→ Exercise brief: All lines from the one that contains "Mads Andersen holding" to the end of the data must be retyped exactly. Pictures are not retyped.

→ Information provided:
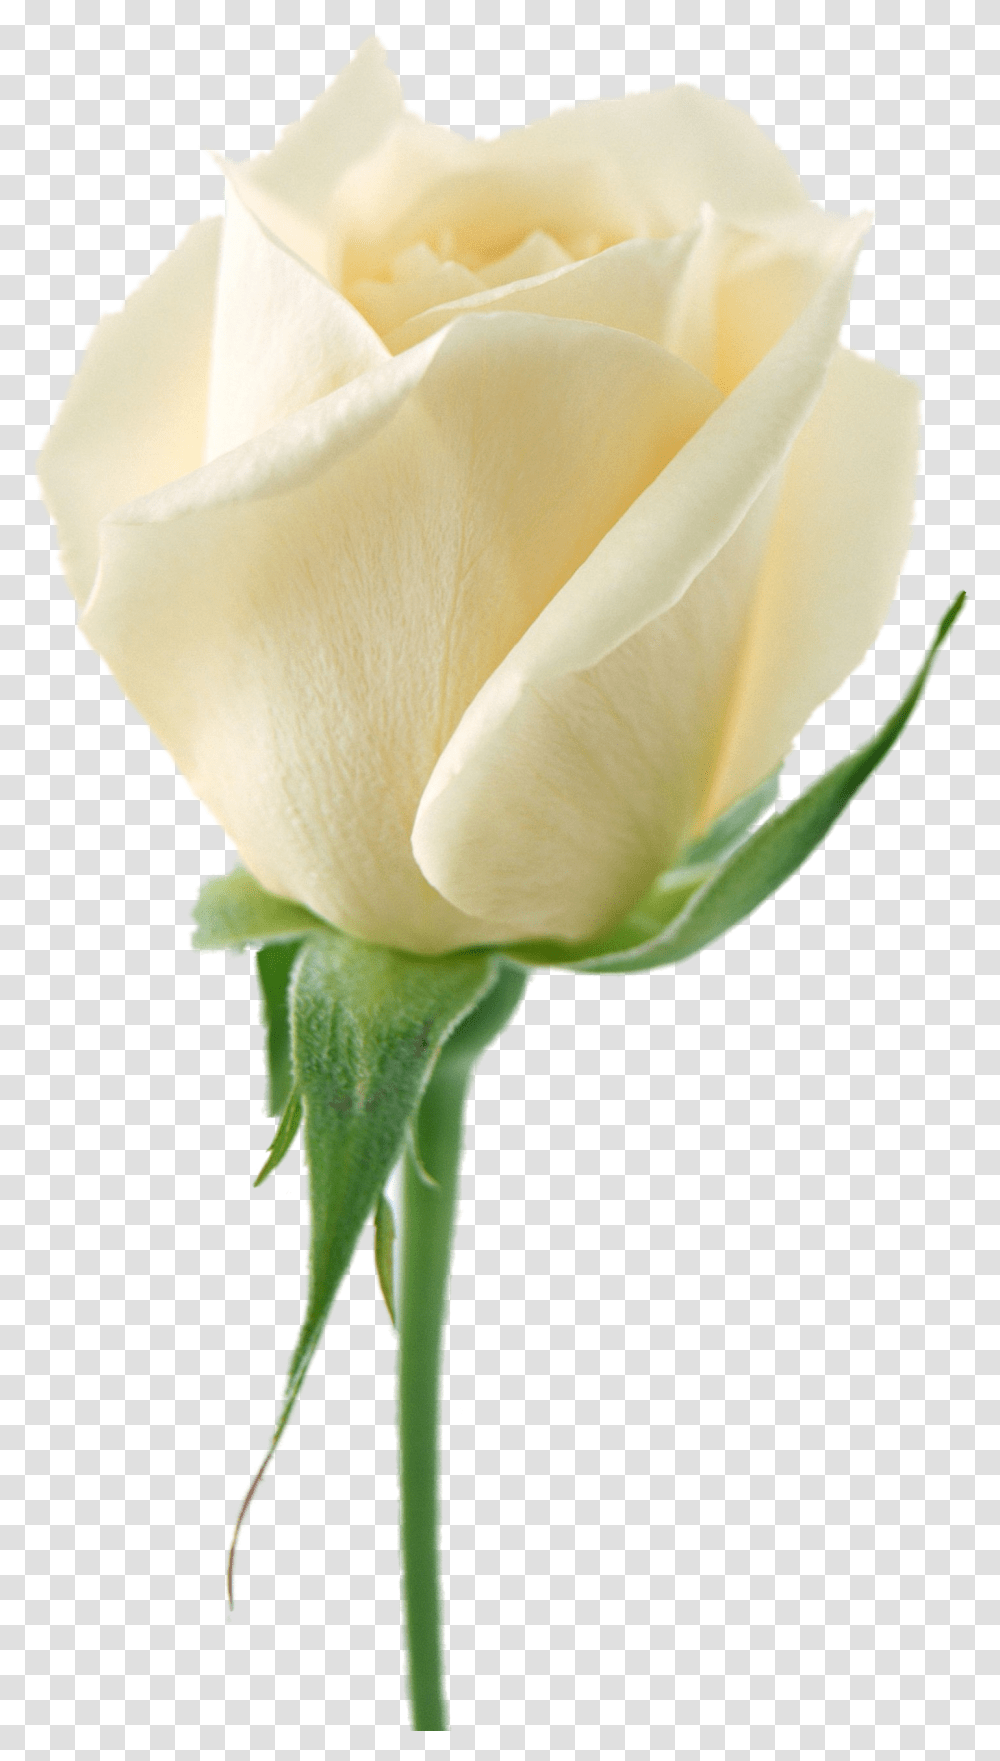 White Rose Image Flower White Rose Flower, Plant, Blossom, Bud, Sprout Transparent Png
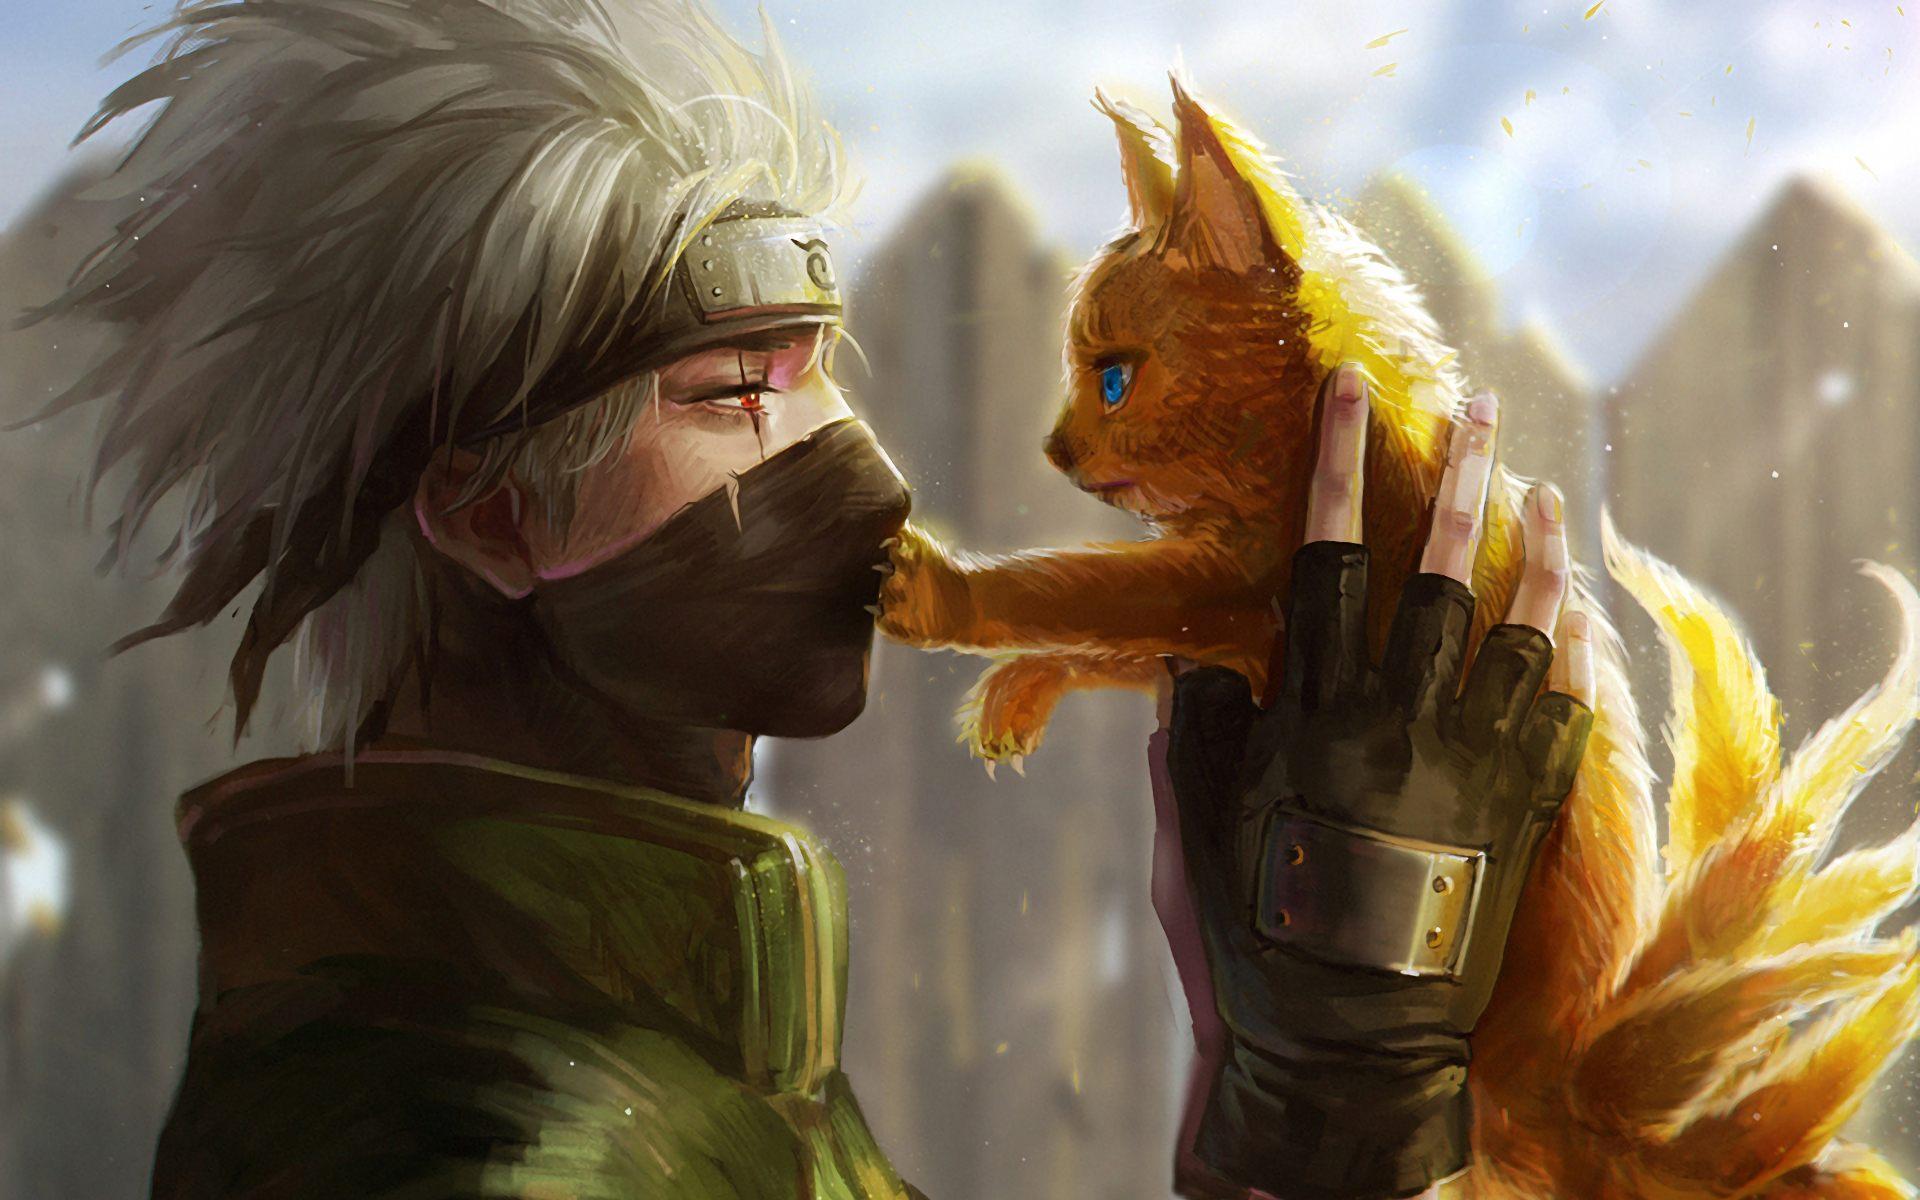 Download Naruto Anime Boy and Cat Wallpaper for desktop, mobile
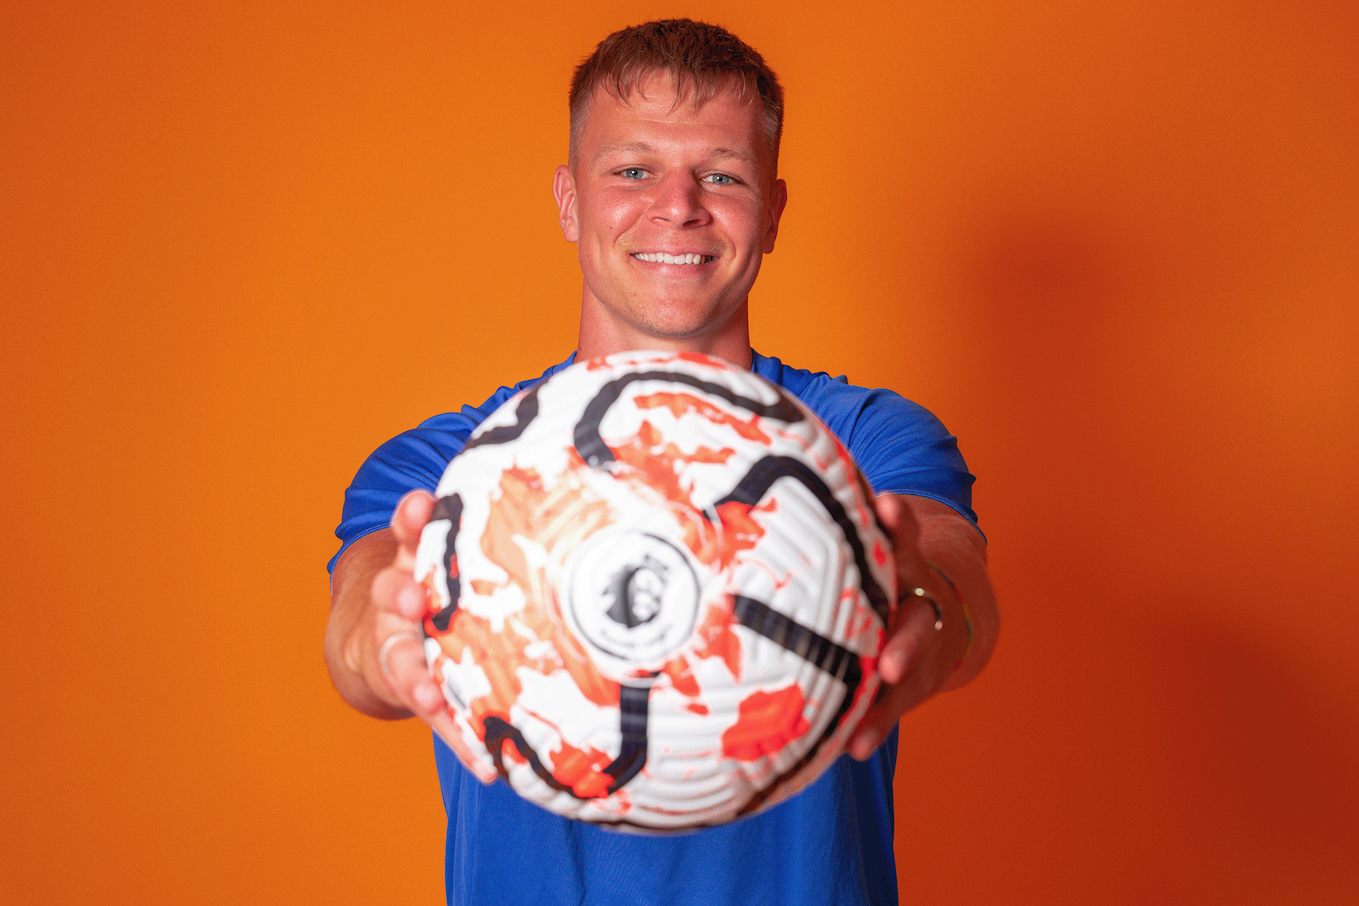 Mads Andersen holding a Premier League football.
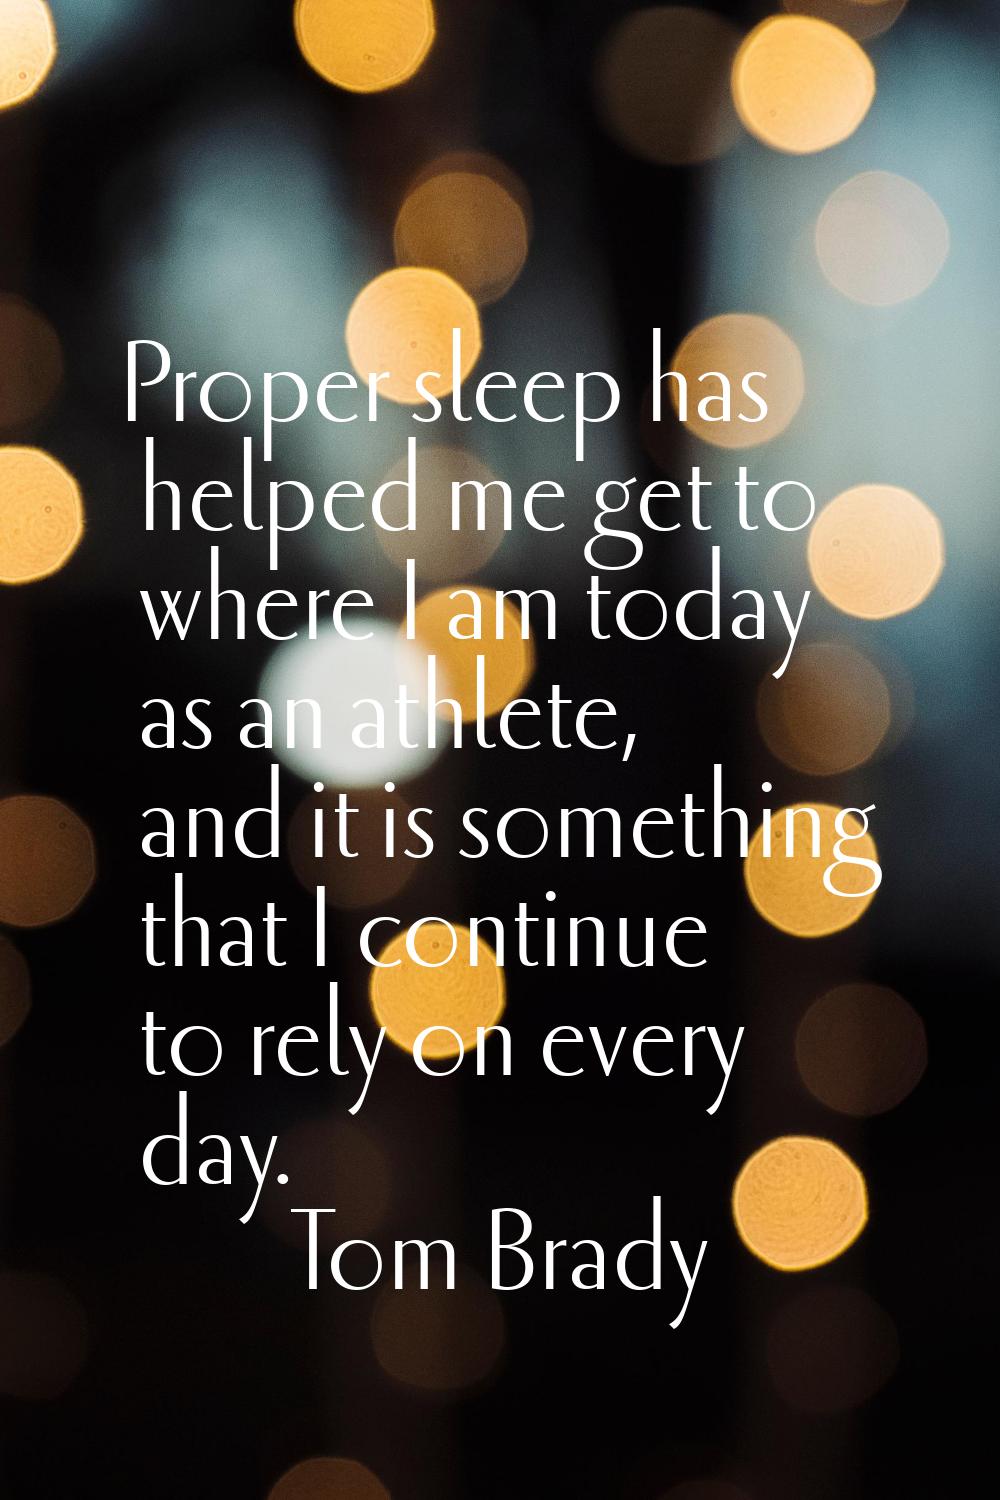 Proper sleep has helped me get to where I am today as an athlete, and it is something that I contin

→ Response to this task:
 Mads Andersen holding a Premier League football.
 Proper sleep has helped me get to where I am today as an athlete, and it is something that I contin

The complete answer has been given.